Cashing Out in Pyongyang: The Elaborate Web of North Korea’s State-Sponsored Crypto Thefts

After a significant hack, there’s a certain silence around the offices of cryptocurrency exchanges. Engineers are staring at wallet addresses they no longer control, and while phones continue to ring and Slack channels continue to light up, a sense of delayed grief permeates the room. That silence had become the norm by February of last year, when Bybit lost $1.5 billion in one afternoon. The money was gone before most of the staff finished their coffee.

Although the scope of the North Korean operation is truly astounding, it is not the only thing that makes it so unsettling. It’s the endurance. Hackers from Pyongyang do not destroy Windows. They are employed. They spend months writing code with their future victims, sometimes participating in video calls while posing as someone else, and sometimes even meeting in person. In one instance from earlier this year, agents stole about $280 million from the derivatives platform Drift by pretending to be traders for six months. To appear authentic, they had deposited their own funds. When the exploit appeared, all it took was opening one repository file.

It’s difficult to ignore the almost theatrical quality of this. the months-long performance of normalcy in order for the last move to be a whisper rather than a crash.

The figures themselves continue to rise. According to Chainalysis, hackers connected to the DPRK stole at least $2.02 billion in cryptocurrency in 2025, a 51% increase over the previous year and a total of about $6.75 billion. That amount now represents 76% of all money taken from cryptocurrency services in the previous year; this concentration would be unthinkable in practically any other type of criminal activity. According to investigators at companies like TRM Labs, North Korea has successfully industrialized the practice, viewing cryptocurrency theft as a reliable source of state income rather than a series of opportunistic raids.

The more difficult and likely more fascinating issue is cashing out. It is a technical exercise to steal the coins. It is quite another to turn them into something that can pay engineers in Pyongyang or purchase parts for centrifuges. A unique look at the choreography was provided by the 2020 case of Tian Yinyin and Li Jiadong, two Chinese nationals accused by the US Department of Justice. The money went through what investigators refer to as “peel chains,” which are lengthy sequences of transfers in which tiny fractions are shaved off and sent to new addresses, sometimes hundreds of times, until tracing becomes difficult work, after hackers stole about $250 million from a South Korean exchange in late 2018. By the time anything reached Tian and Li, the trail looked like sand running through a sieve.

There hasn’t been much change to that fundamental structure. Sophistication is what has evolved. Researchers now describe a 45-day laundering cycle that is more akin to a logistics operation than an evasive scramble. This cycle includes Chinese-language OTC desks, cross-chain bridges, and layered mixing protocols. Reading these reports gives the impression that the attackers are more knowledgeable about the cleanup process than the majority of those fighting it.

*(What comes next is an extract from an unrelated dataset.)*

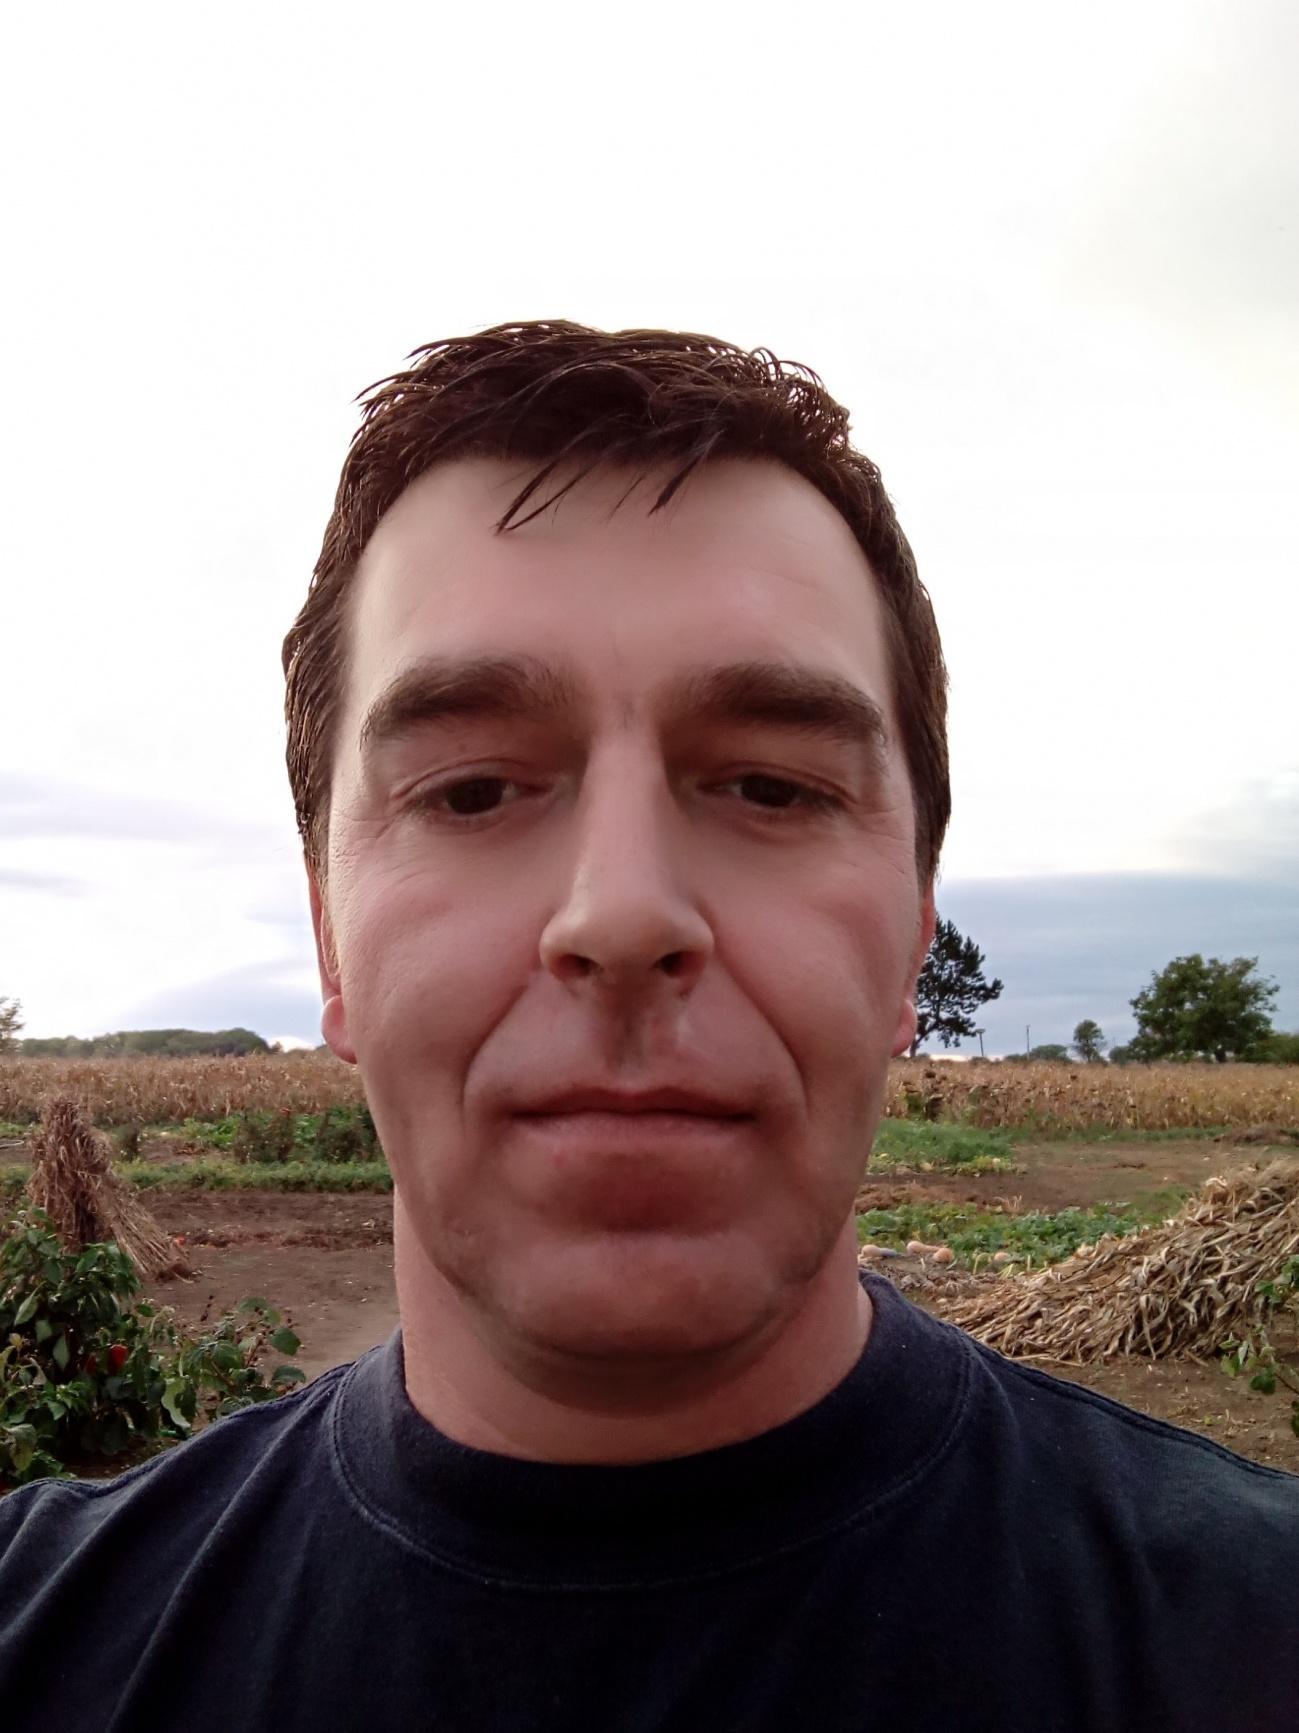 Craigslist longview tx társkereső

It remains to be seen if anything genuinely slows this down. Sanctions fall on specific people, sometimes on a group of wallets, and the task goes on. These kinds of cyber operations now fund about half of North Korea’s missile program, according to CIA estimates. It’s not a side gig. It’s a budget line.

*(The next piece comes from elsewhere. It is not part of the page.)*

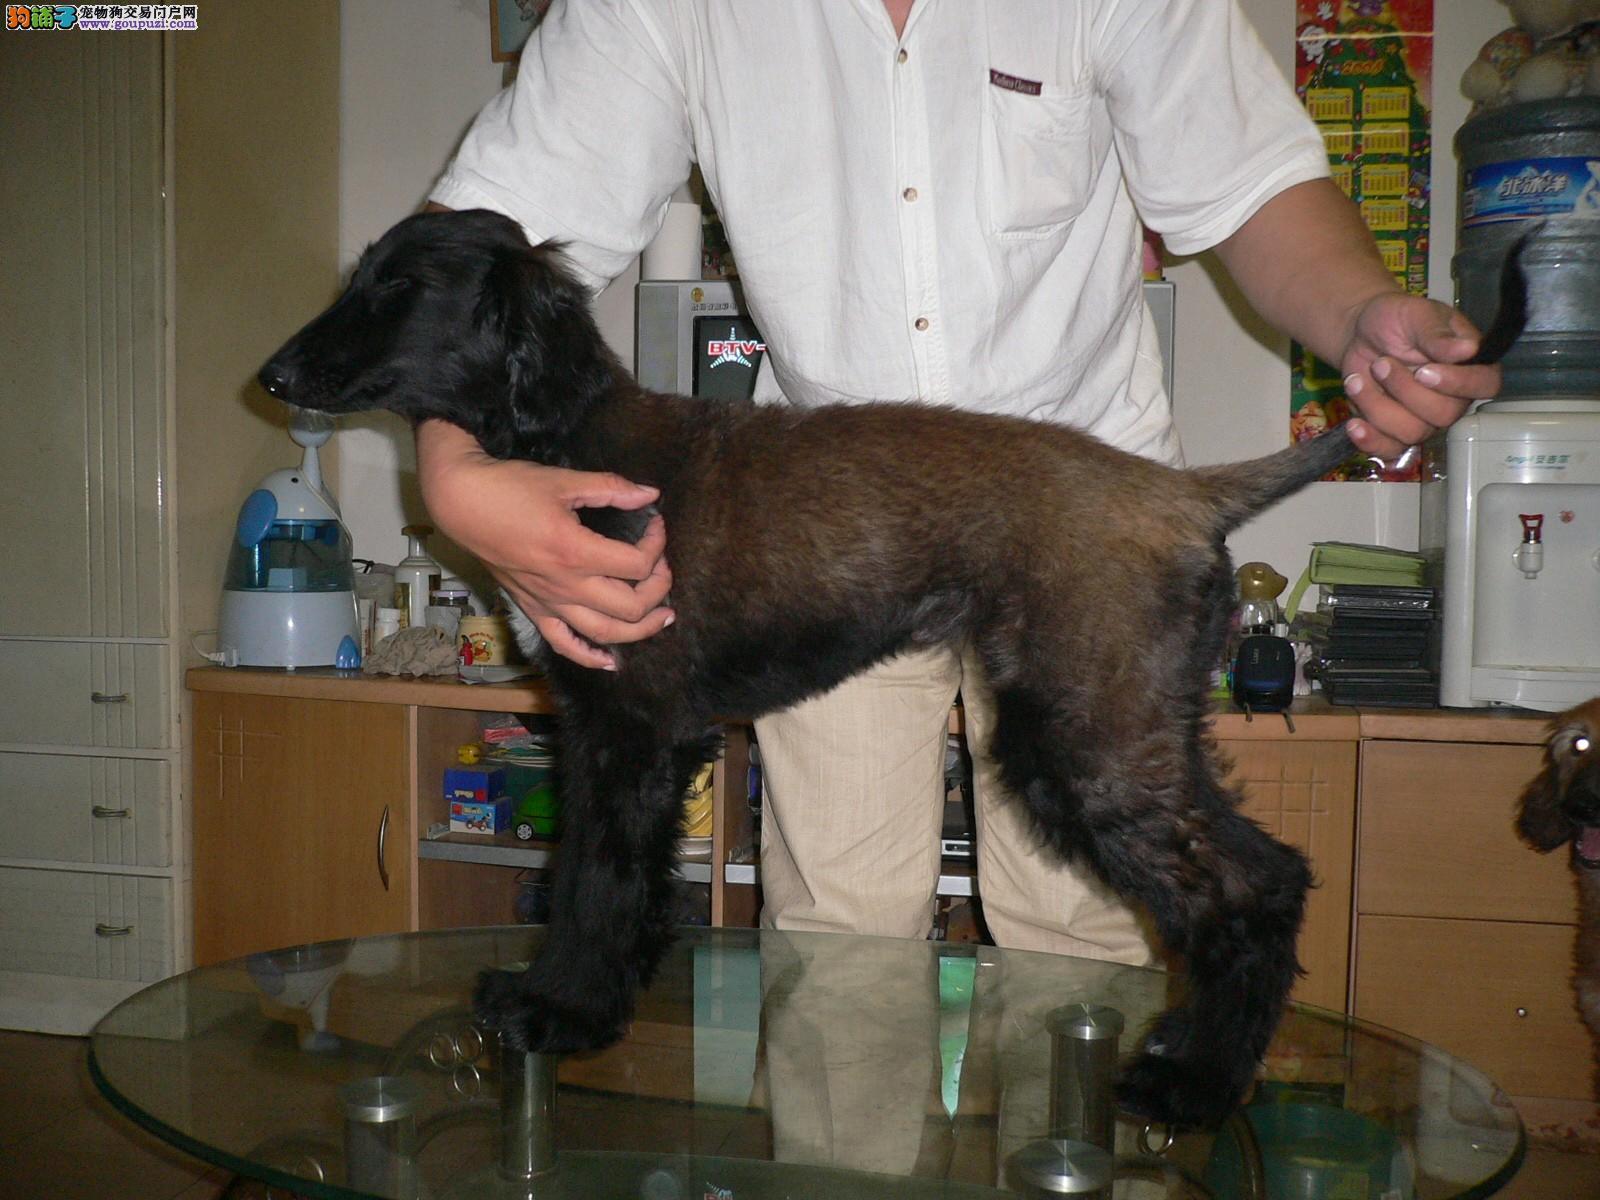 阿富汗猎犬南京最大的正规犬舍完美售后终身质保终身护养指导

The patience of a regime that has learned to wait is more impressive than the technical brilliance, even though it has been present over the past few years. I pretended to be a trader for six months. hundreds of transactions that are automated. The slow, methodical grind of a nation with few options and little to lose. Whether the rest of the world has caught up or will ever truly catch up is still up in the air.